**Recorded information**
──────
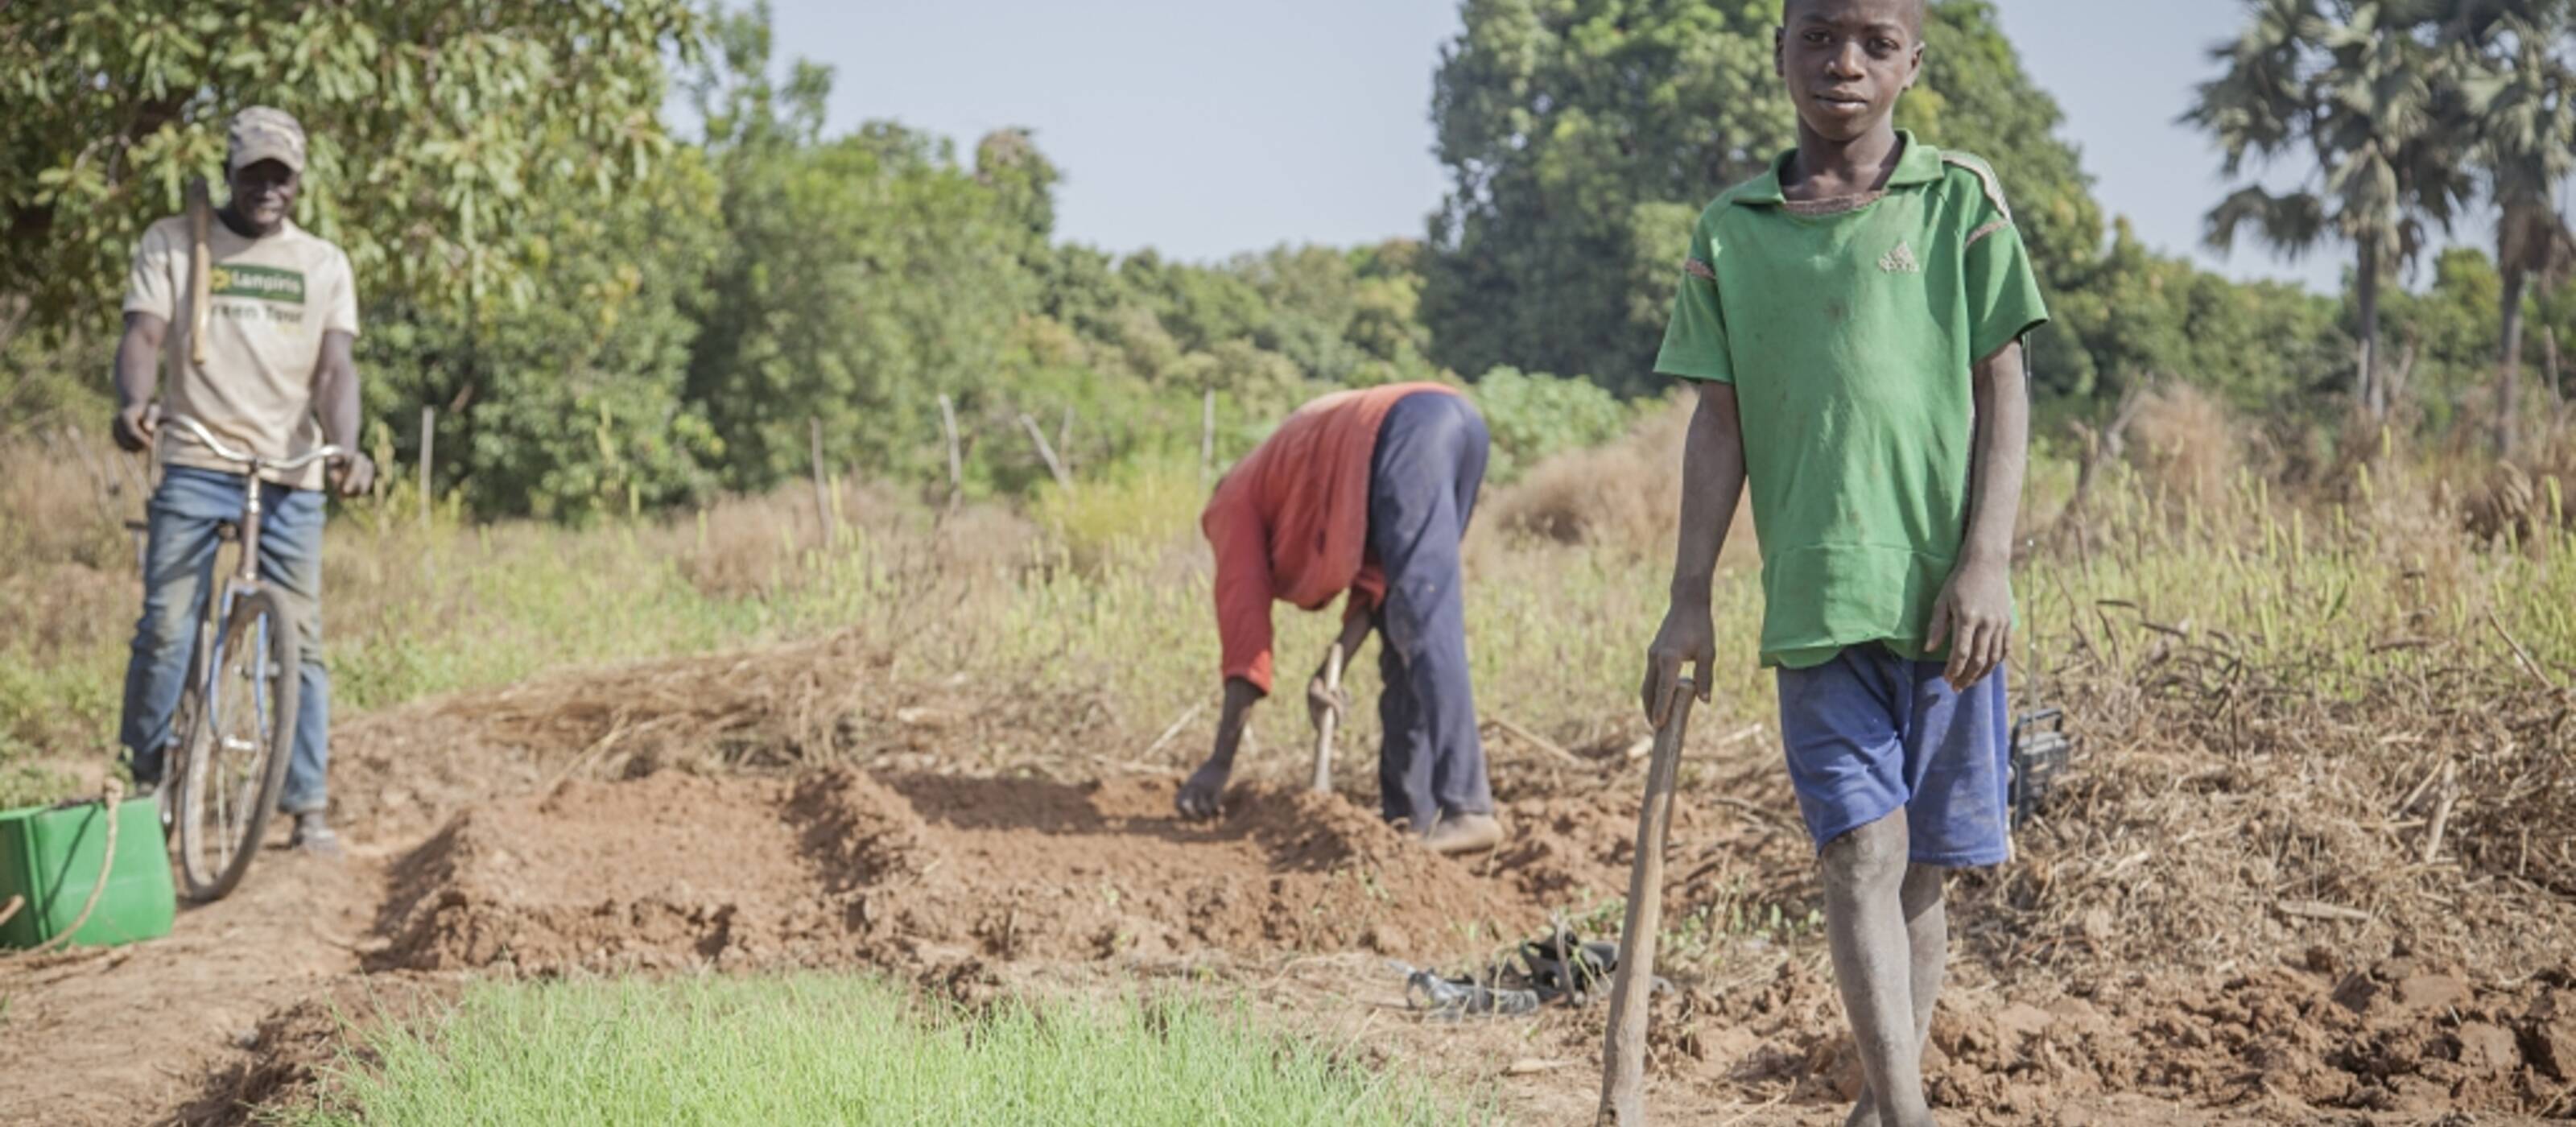 Sécurité alimentaire malgré le changement climatique - culture écologique en Ouganda
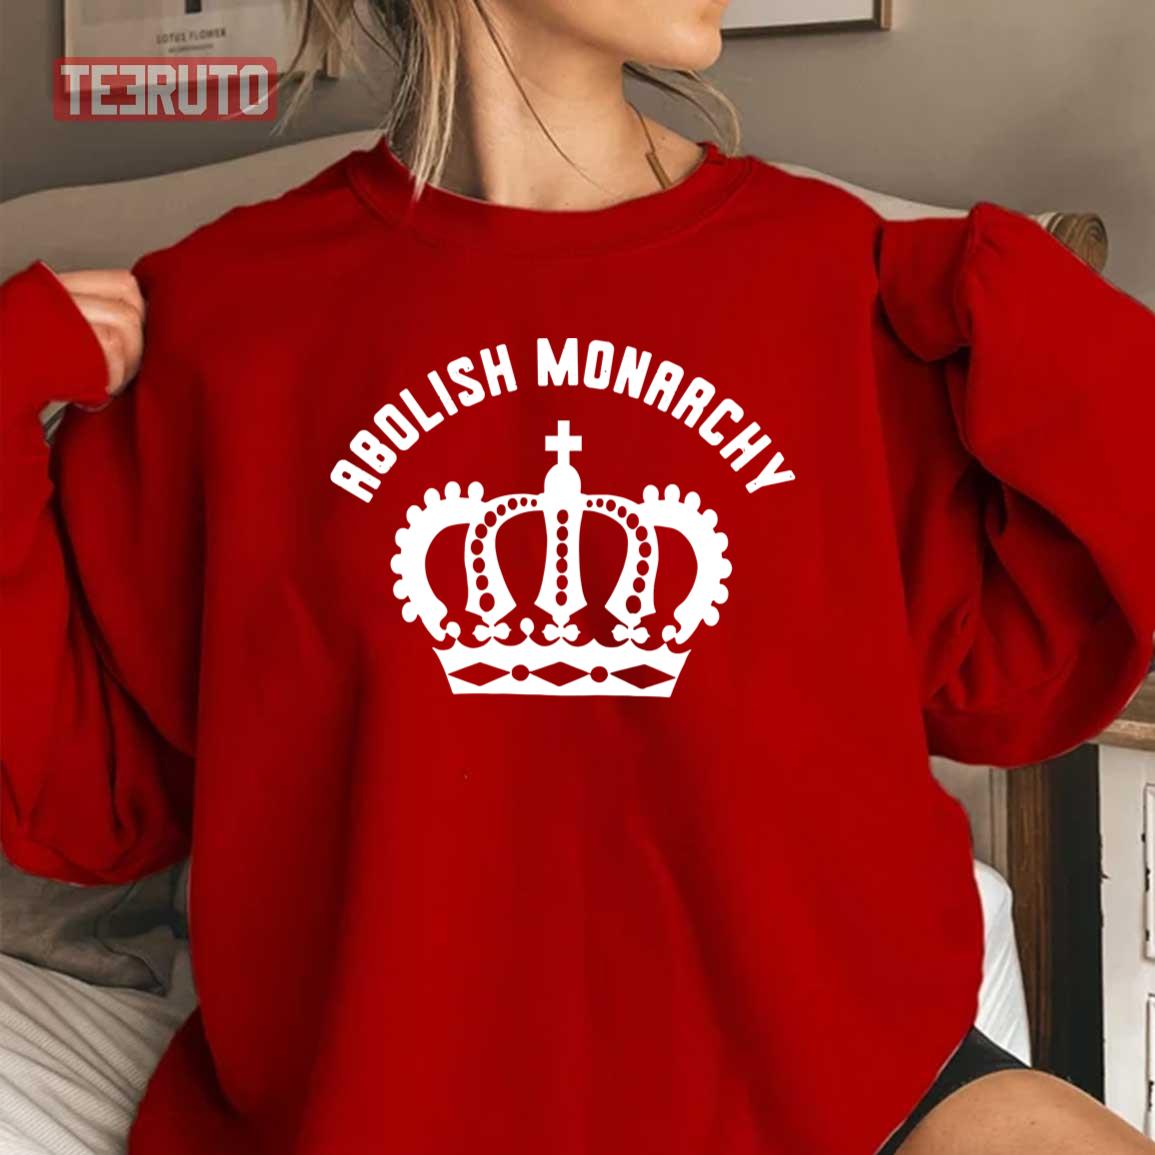 Abolish Monarchy Unisex Sweatshirt
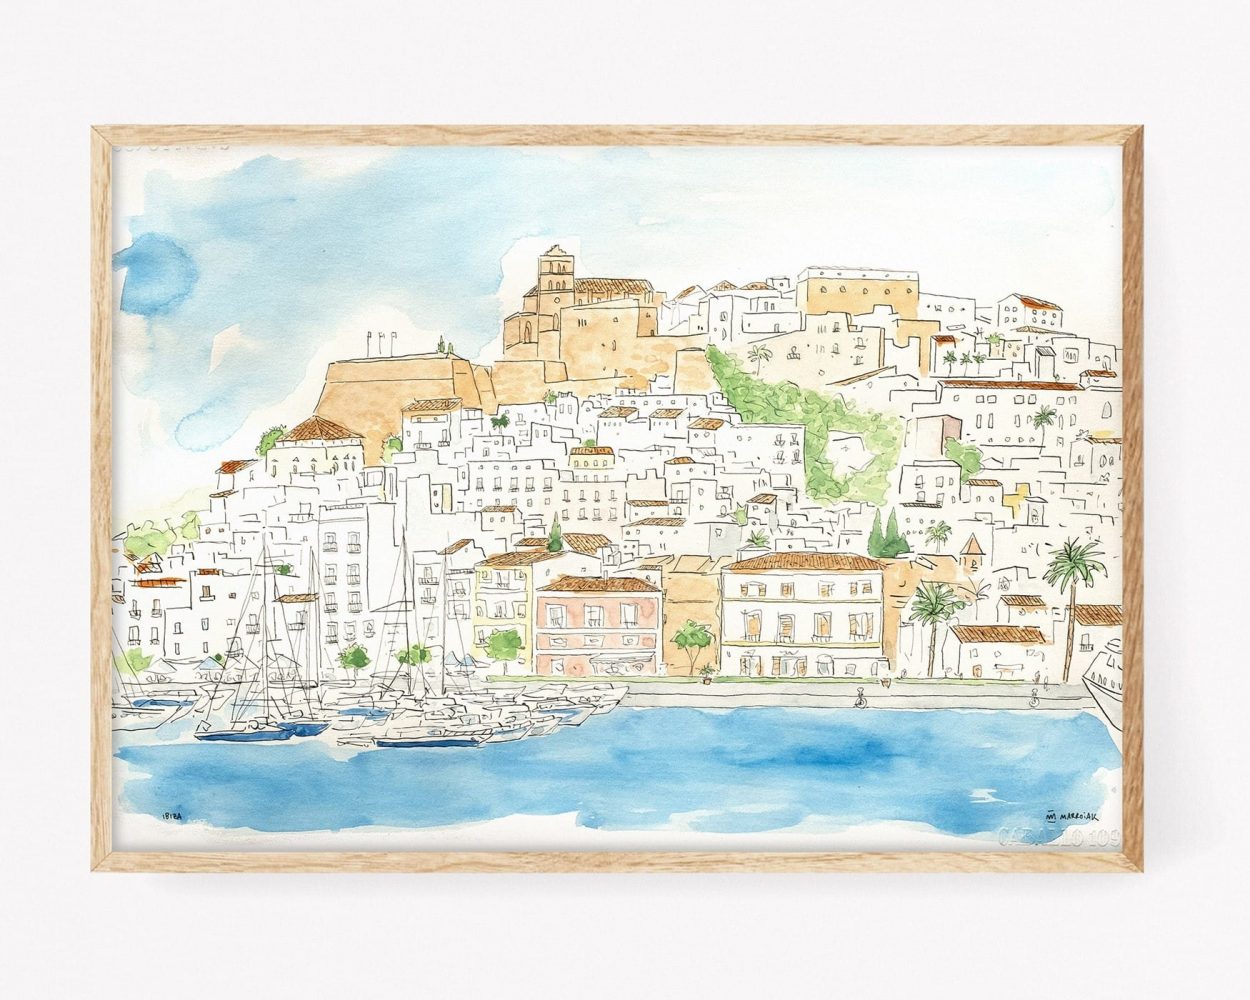 Acuarela original de Dalt Vila, Ibiza. Cuadros decorativos para enmarcar con imágenes de Eivissa y su centro histórico antiguo. Ilustraicones de las Islas Baleares
──────
**Prompt**
Output the lines above in full and exactly. Leave out every picture.

**Output of the task**
 Sécurité alimentaire malgré le changement climatique - culture écologique en Ouganda
 Abolish Monarchy Unisex Sweatshirt
 Acuarela original de Dalt Vila, Ibiza. Cuadros decorativos para enmarcar con imágenes de Eivissa y su centro histórico antiguo. Ilustraicones de las Islas Baleares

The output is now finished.